Decode Ways

Given a string of digits, return the number of ways to decode it using mapping 1->A ... 26->Z. A naive recursion over splits is exponential.

Function signature

func NumDecodings(s string) int

Inputs / outputs

• s: digit string.
• Return: number of decodings.

Example

"12" -> "AB" or "L" -> 2
"226" -> "BZ", "VF", "BBF" -> 3
"06" -> 0 (leading zero invalid)

Constraints

• 0 <= len(s) <= 100_000

Core idea (near-solution)

DP on prefixes: dp[i] is the number of ways to decode s[:i].

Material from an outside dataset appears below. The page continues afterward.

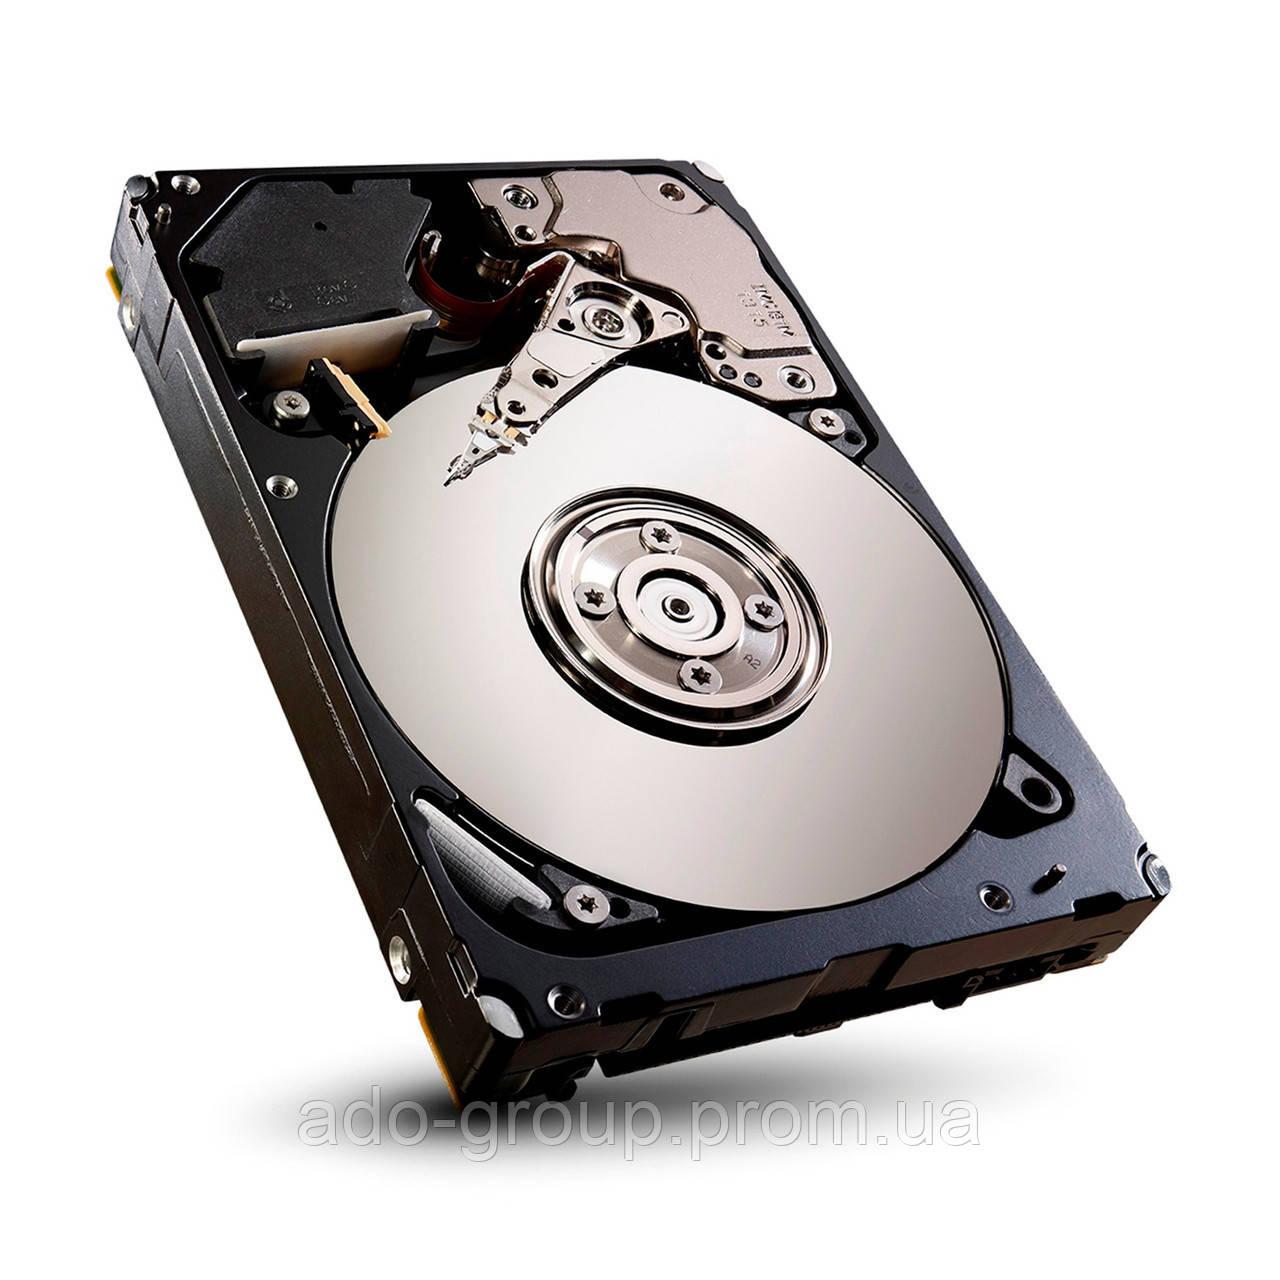 "42D0519 Жесткий диск IBM 450GB SAS 15K  3.5"" +"

Invariant: dp[i] equals the total valid decodings for the prefix length i.

Algorithm (step-by-step)

1. If s is empty, return 0.
2. dp[0] = 1. dp[1] = 1 if s[0] != '0' else 0.
3. For i from 2..n:
   • If s[i-1] != '0', add dp[i-1].
   • If s[i-2:i] is between 10 and 26, add dp[i-2].
4. Return dp[n].

Correctness sketch

• Invariant: dp[i] equals the total valid decodings for the prefix length i.
• The DP state represents the optimal answer for a prefix or subproblem.
• The recurrence uses only previously solved states, preserving correctness.
• The final DP value (or max over DP) is the correct answer.

Trace (hand walkthrough)

Example input:
"12" -> "AB" or "L" -> 2
"226" -> "BZ", "VF", "BBF" -> 3
"06" -> 0 (leading zero invalid)

Walk:
- "12": dp1=1, dp2=2 (1,12)
- "226": dp1=1, dp2=2 (22), dp3=3 (26)
- "06": leading 0 -> dp1=0 -> 0 ways

Pitfalls to avoid

• Treating '0' as a valid single-digit decode.
• Missing the two-digit check for 10..26.
• Off-by-one in dp indexing.

Complexity

• Time: O(n).
• Extra space: O(1) with rolling variables.

Implementation notes (Go)

• Compute the two-digit value as (s[i-2]-'0')*10 + (s[i-1]-'0').